_MATERIAL FOR THIS EXERCISE_.
========
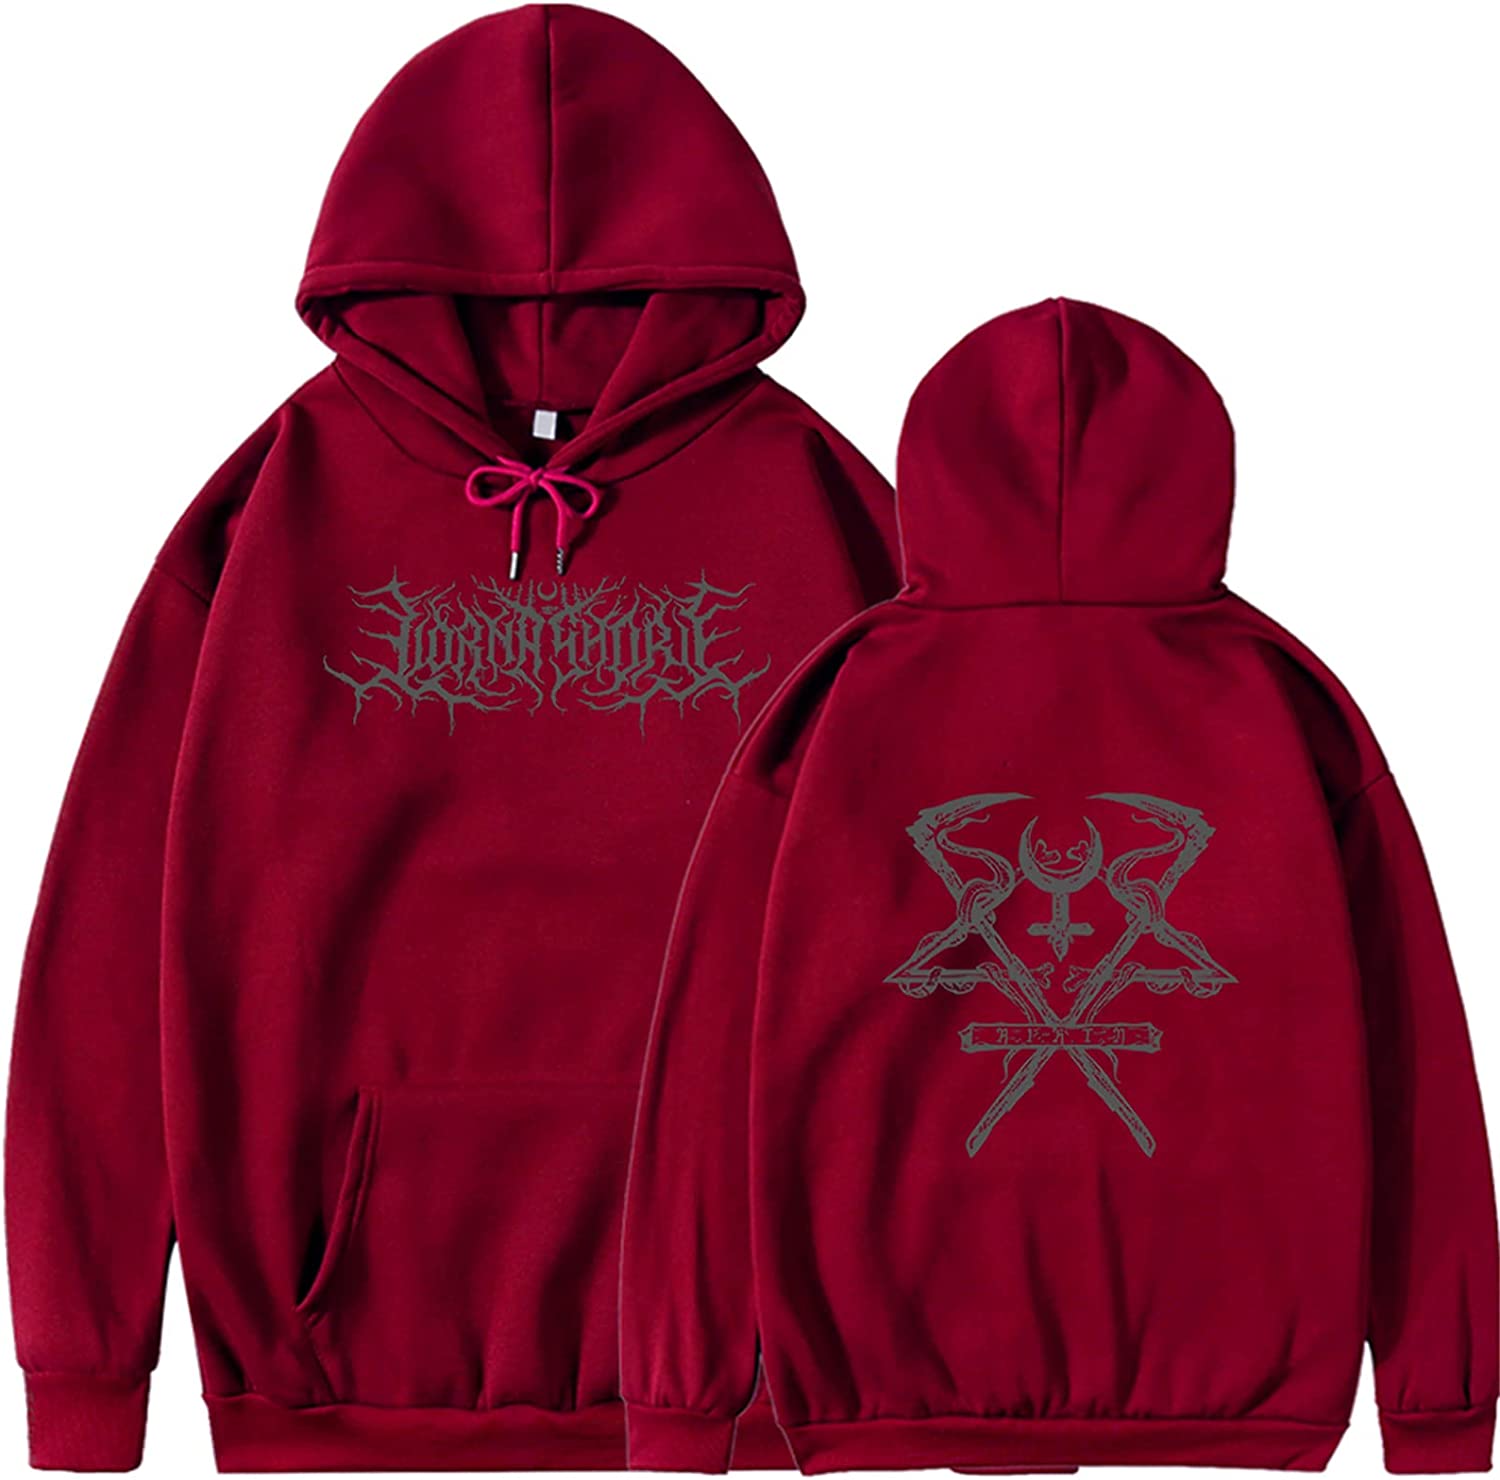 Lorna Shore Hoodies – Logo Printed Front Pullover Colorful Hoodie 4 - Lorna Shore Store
========
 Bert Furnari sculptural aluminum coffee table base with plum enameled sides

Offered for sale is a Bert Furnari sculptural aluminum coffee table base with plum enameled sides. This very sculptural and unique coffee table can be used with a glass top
========
_EXERCISE PROMPT_.
Among the entries, how many lines include the word "aluminum"? Answer with only the number.

_OUTPUT FOR THIS TASK_.
2